> **Work required**:
Leave out the pictures, and retype the remaining data exactly.
[Data extract]
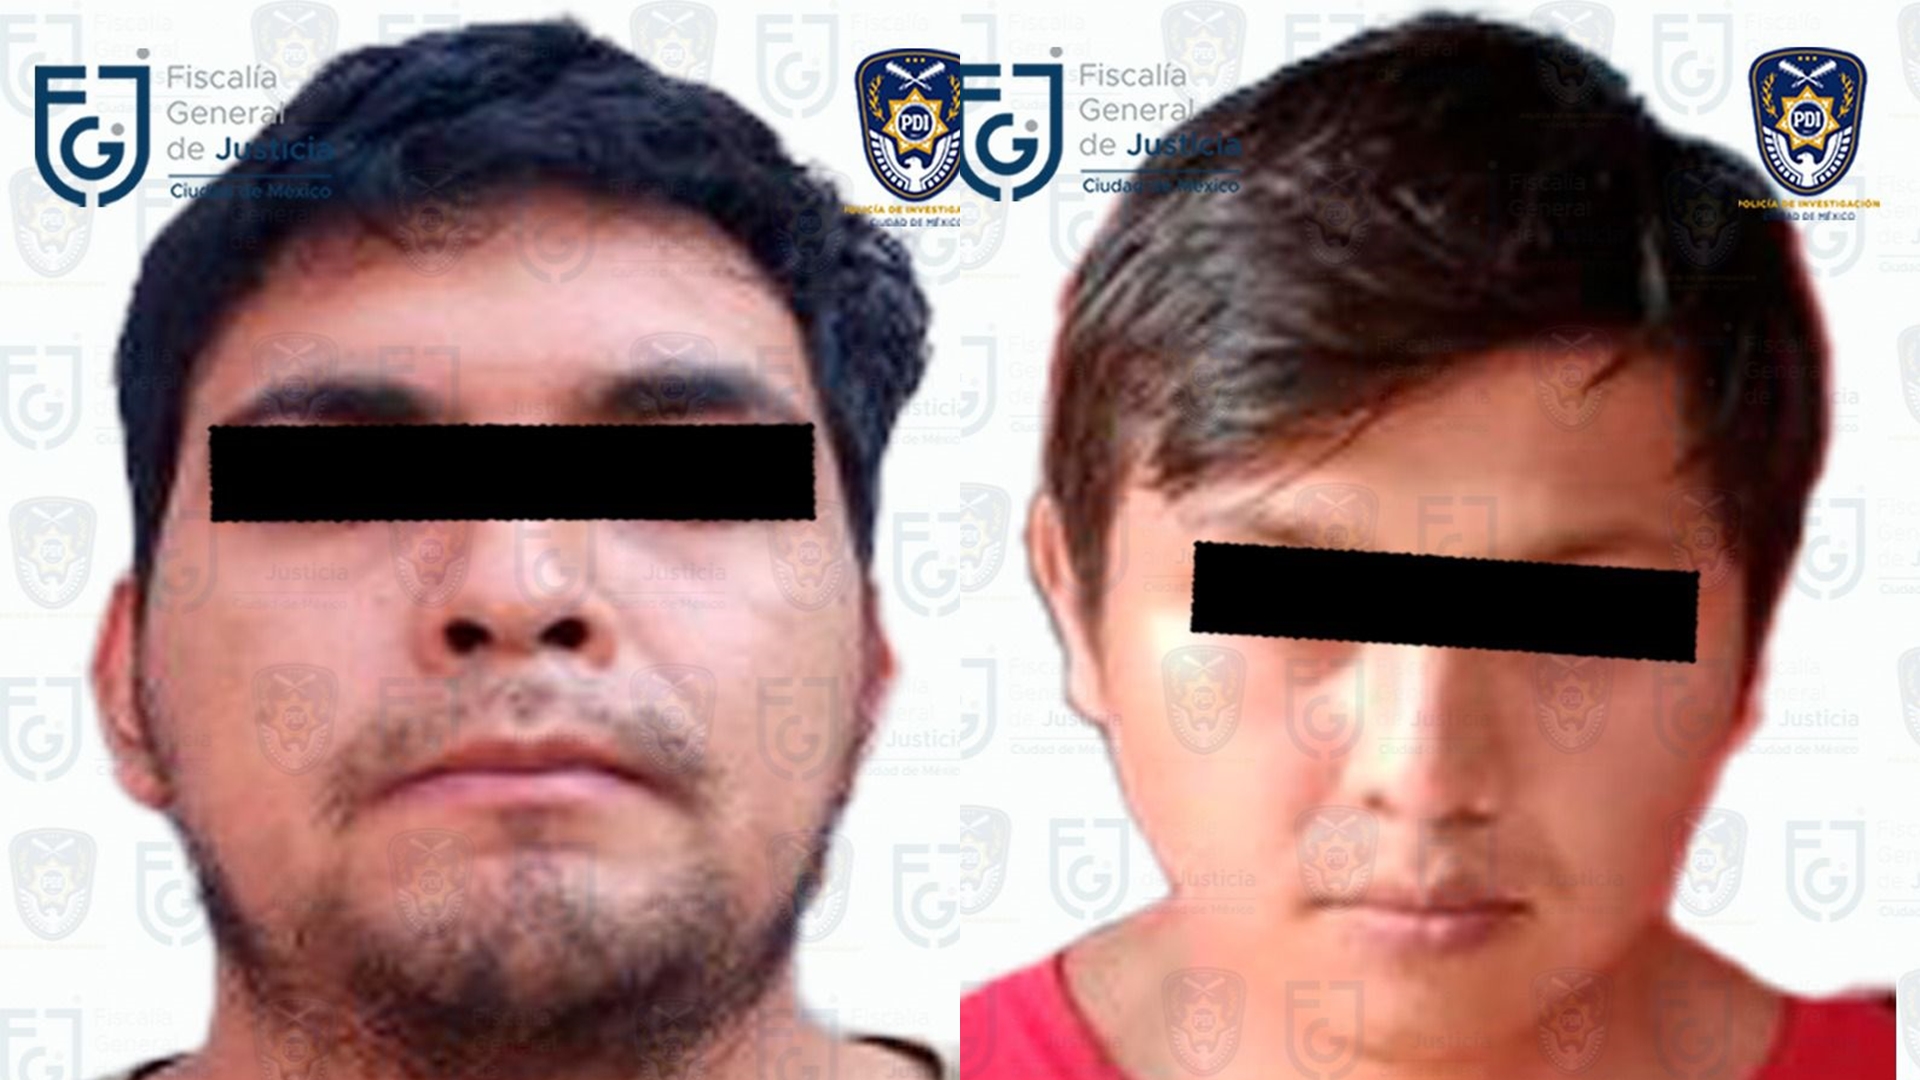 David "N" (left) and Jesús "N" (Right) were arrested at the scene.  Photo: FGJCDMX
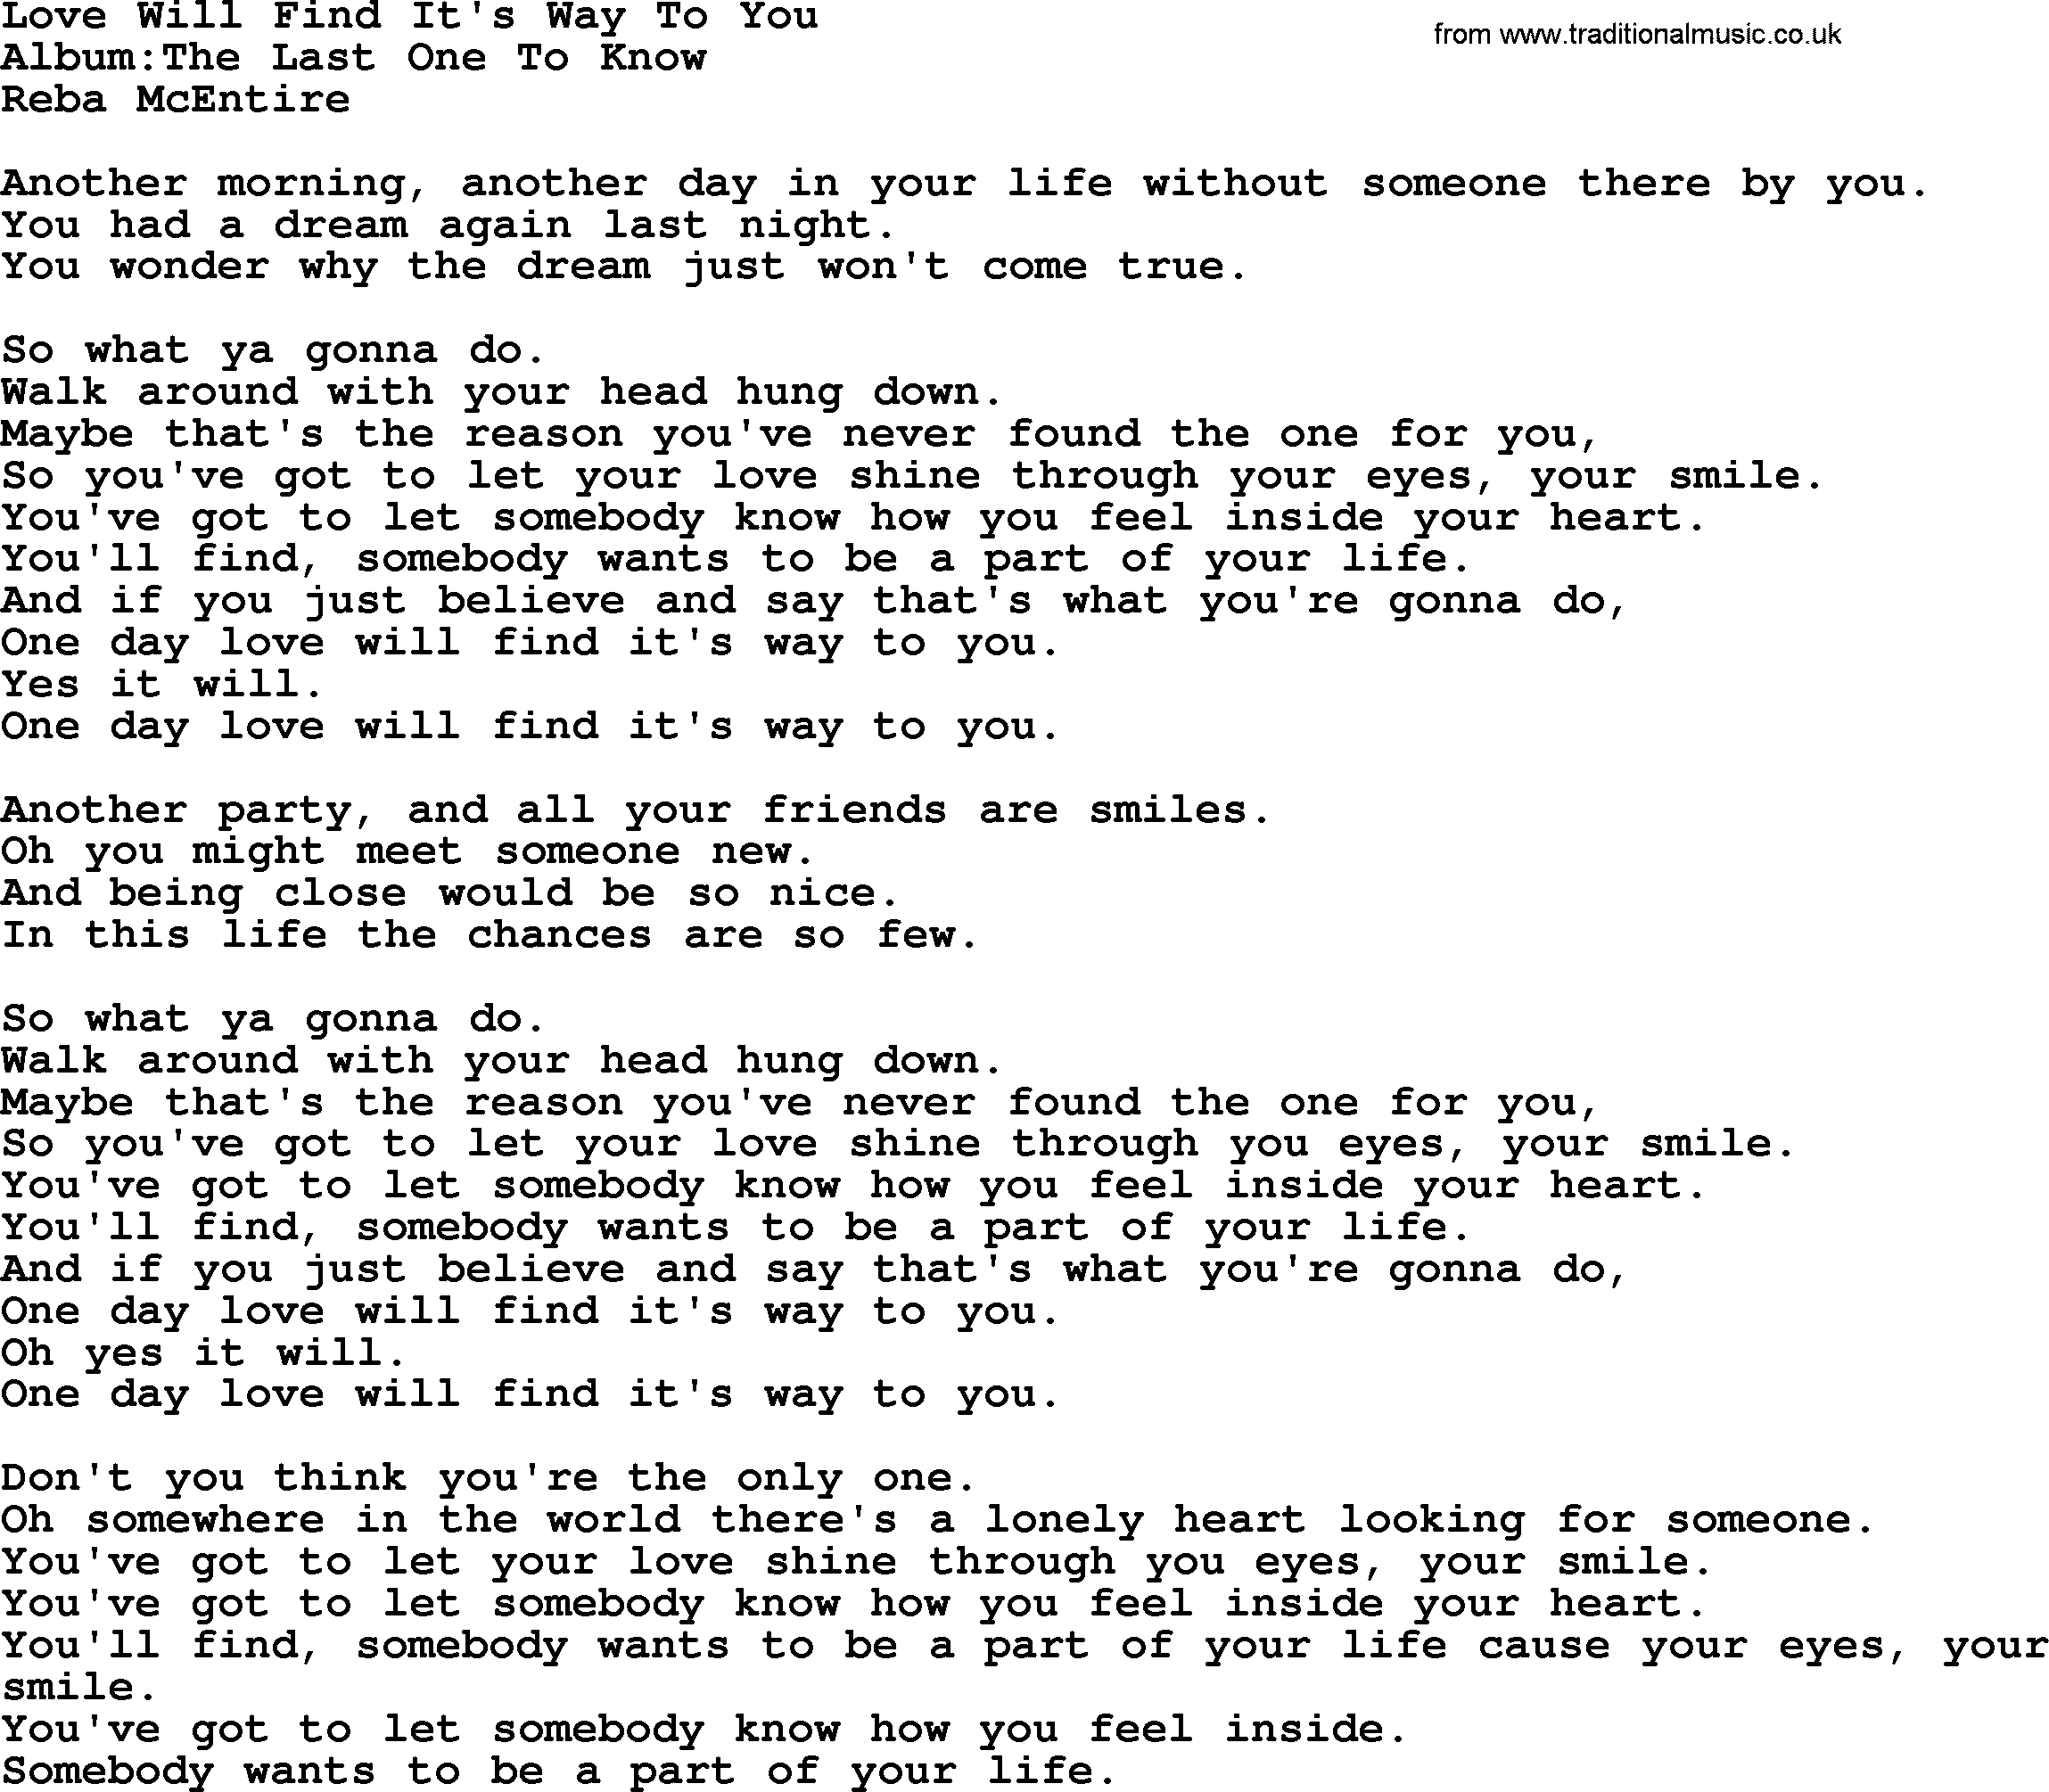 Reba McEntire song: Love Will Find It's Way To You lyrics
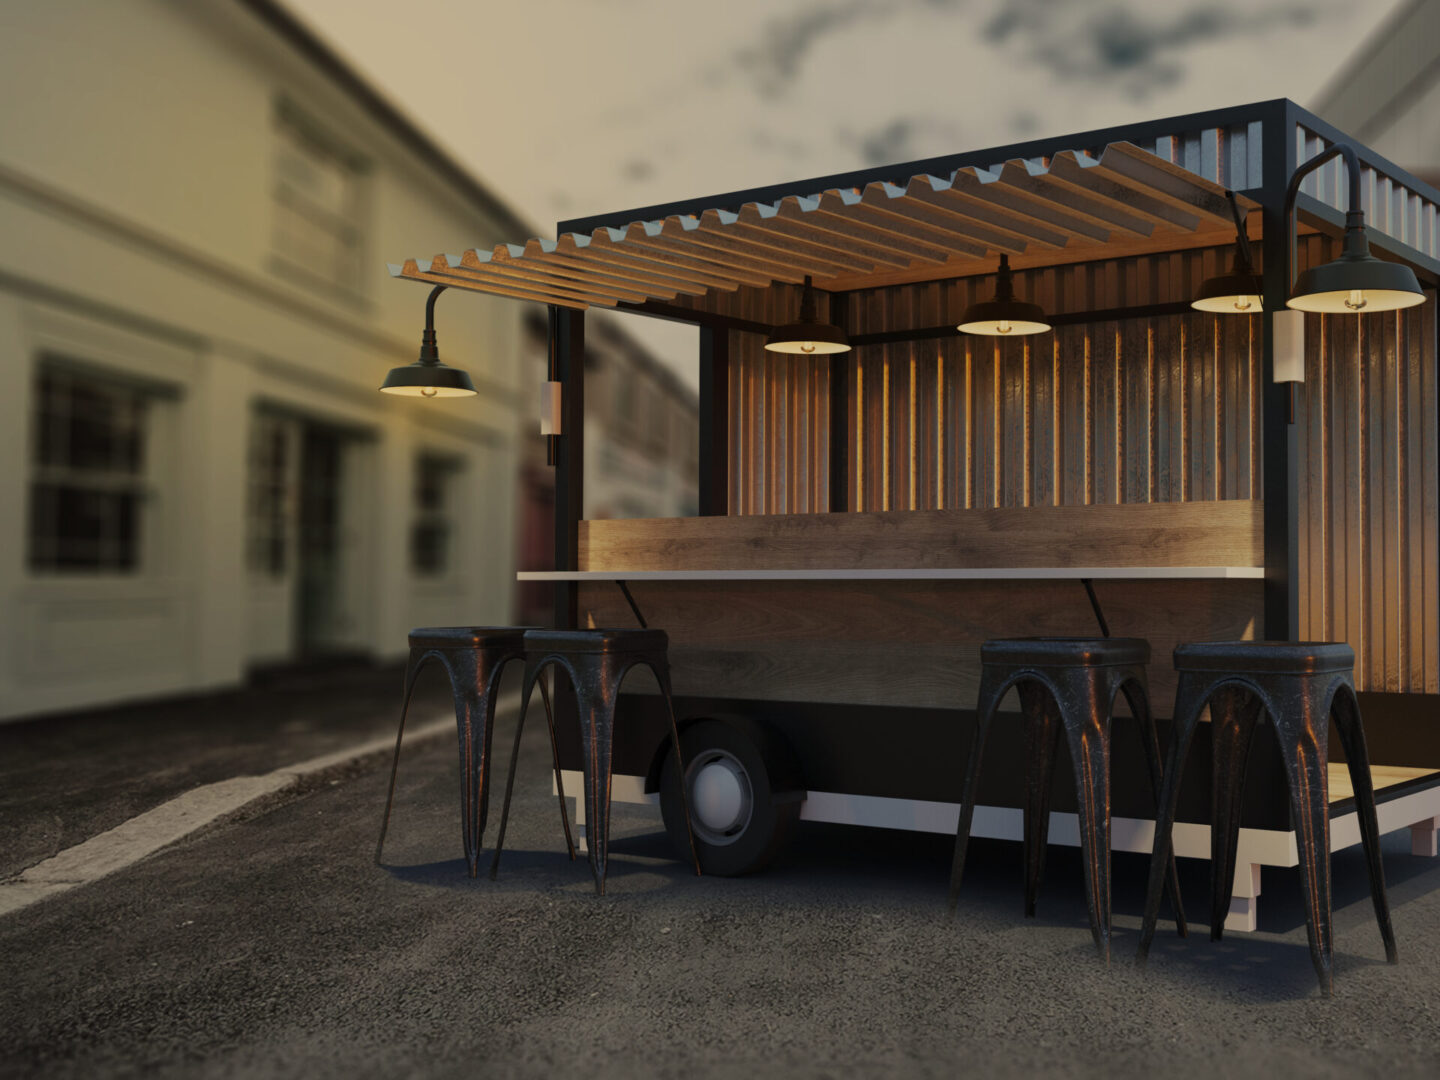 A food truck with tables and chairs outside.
[/Data extract]
> **Solved problem**:
 David "N" (left) and Jesús "N" (Right) were arrested at the scene.  Photo: FGJCDMX
 Reba McEntire song: Love Will Find It's Way To You lyrics
 A food truck with tables and chairs outside.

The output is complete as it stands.